Puffins at East Egg Rock, Maine

(page 2 of 4)

"The puffin looks like a little clown," he says, "a little caricature of human form. Any caricature of human form is sort of innately appealing. Most people view wildlife through human eyes."

Kress's puffin project is keyed to this fact: young puffins, after spending two to three years at sea, generally return to the place where they were born to find a mate. Since no puffins were on Eastern Egg Rock in 1970, Kress would have to transplant puffin chicks from Newfoundland, Canada, where they thrived on the steep, jagged shoreline.

Kress selected Eastern Egg Rock Island -- one of the outermost of dozens of islands in Muscongus Bay -- as the real-life laboratory where techniques to restore the bird would be tested.

While it had once been home to puffins, the island's most recent dominant inhabitants were seagulls, black-backed and herring gulls in particular.

These thriving gull colonies were a major hindrance to Kress because gulls are among the puffins' predators. So when Kress decided to reestablish a puffin colony on Eastern Egg Rock, he also decided to destroy the seagull population there -- or at least drive it off the island. Using "gull control practices," the U.S. Fish and Wildlife Service broke up the nests, and poisoned and shot some of the adults. "The gulls learned quickly. They're intelligent," Kress explains.

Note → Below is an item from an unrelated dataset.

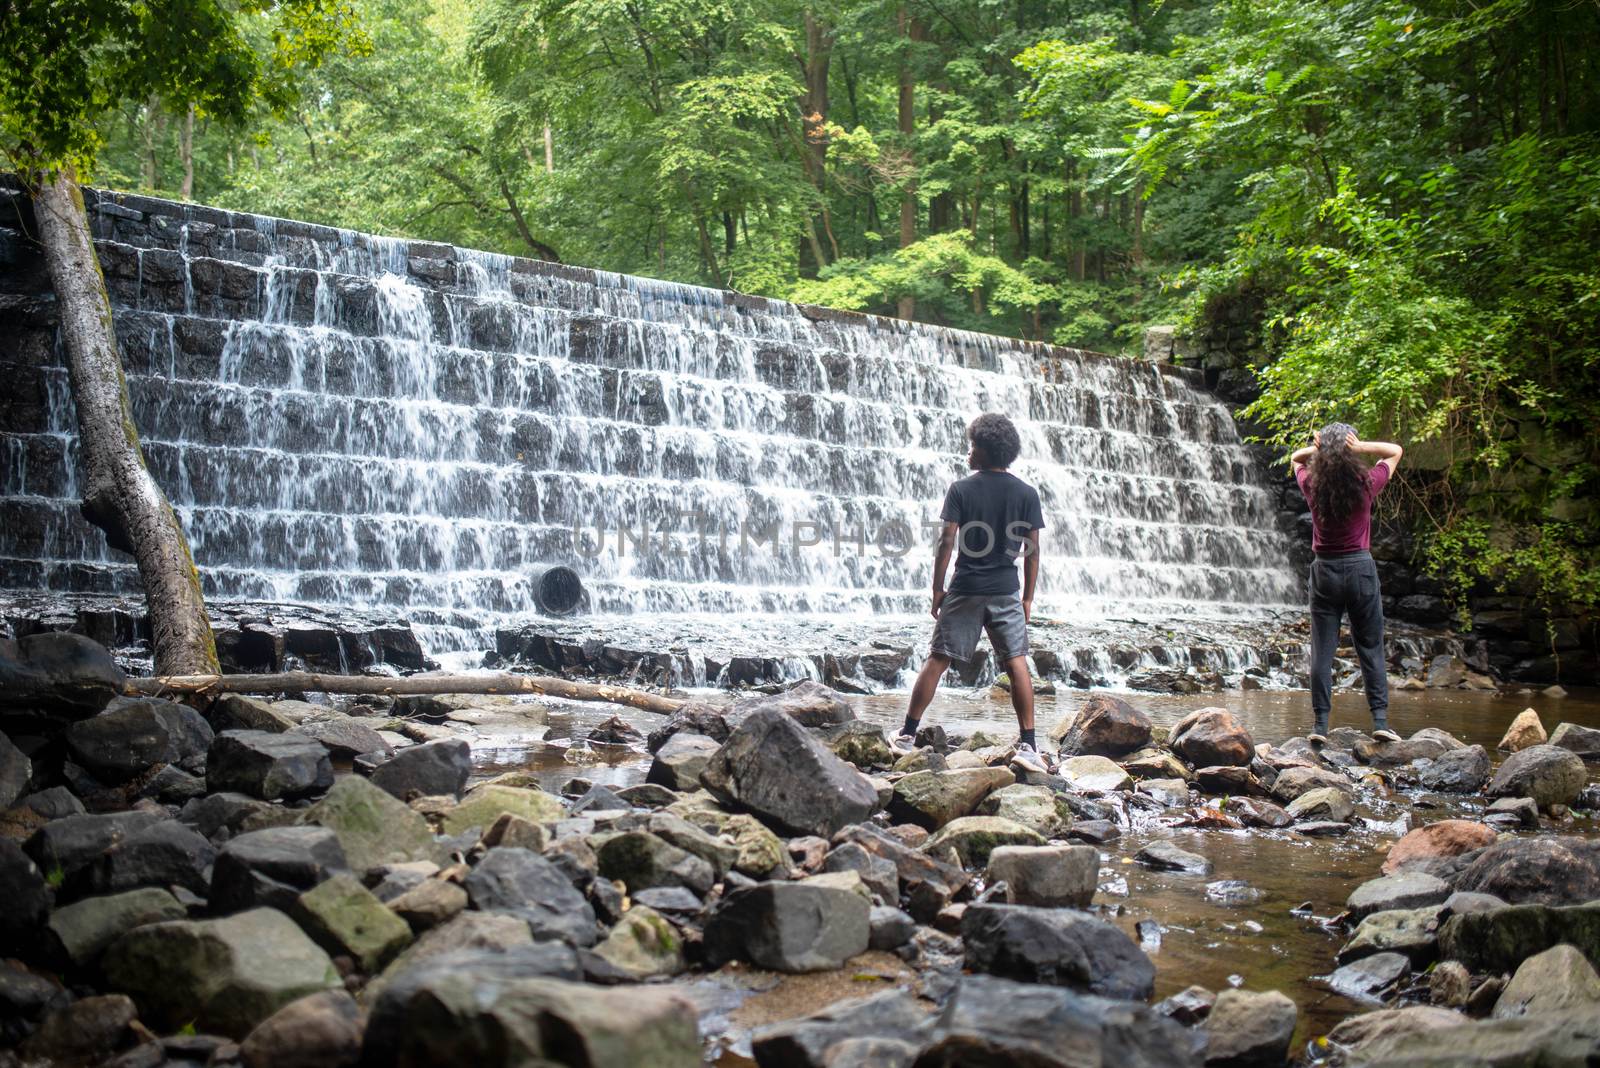 Water cascades over the tiered waterfall with lush woodland foliage behind. Two young men, African-American and Caucasion, stand on stones at base of falls.

There were some lessons in it for Kress and his team as well. "It took a couple of years to clear the island of most of the gulls. It was a sobering realization of how much easier it is to break up a colony of seabirds than it is to create one."

Indeed, just getting puffin chicks to the island was a ticklish problem. Each June for eight years, Kress packed crates specially made for transporting the chicks onto a chartered plane and flew to Newfoundland. He picked up about 100 week-old chicks (except for 1973 and 1974 when he got six and 54 respectively) and raced to make the 1,000 mile journey by plane, truck, and boat, back to Eastern Egg Rock within a day.

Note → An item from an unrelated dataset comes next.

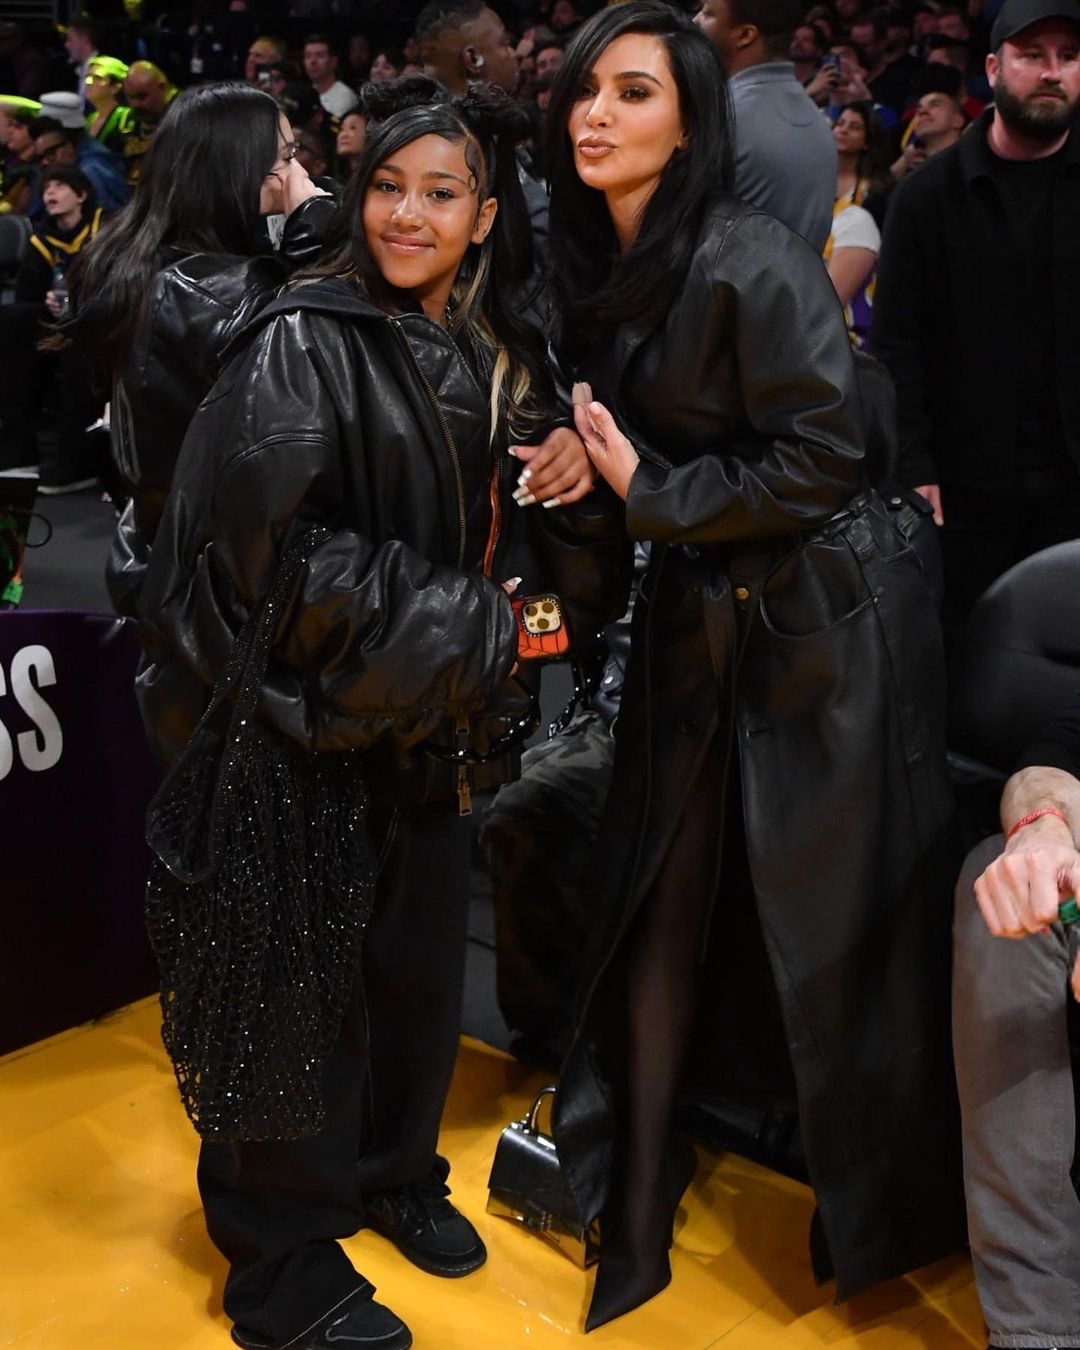 Kim Kardashian and Northwest Spotted Courtside in All Black Balenciaga Outfits 1

But that was the easy part. Kress and his research assistants -- mostly Cornell graduate students -- had to make nests for these puffins. "The puffin in Maine is a rock nester," Kress explains. "Throughout most of its range, it's a soil nester. It digs a nice burrow in the soil."

Partly because Eastern Egg Rock is predominantly rock, and partly because the researchers were to be parents to these chicks and needed access to them, Kress decided to make rock burrows from cement blocks. But when the 1,000 cement blocks he ordered were stacked at the loading pier near the Audubon Camp, he had second thoughts. Ferrying all that cement to the island would be a lot harder than carrying the birds ashore.

So for the first year he tried ceramic chimney tiles, which seemed like natural rock crevices. But they heated up like ovens, and they provided no place for the chicks' droppings to run. When the chicks fledged, their feathers were soiled. "It makes them vulnerable to cold water shock," Kress says. "We've never seen one of the 54 birds we reared in the damn things."

The next year, 1975, the team dug 100 burrows in what soil they could find on Eastern Egg Rock. Evie Weinstein, a researcher on the project, remembers the day a week or so after they had transplanted chicks into the burrows. It had rained for three days straight. Evie was out on Eastern Egg Rock; despite the rain, the feeding schedule for the chicks couldn't be interrupted.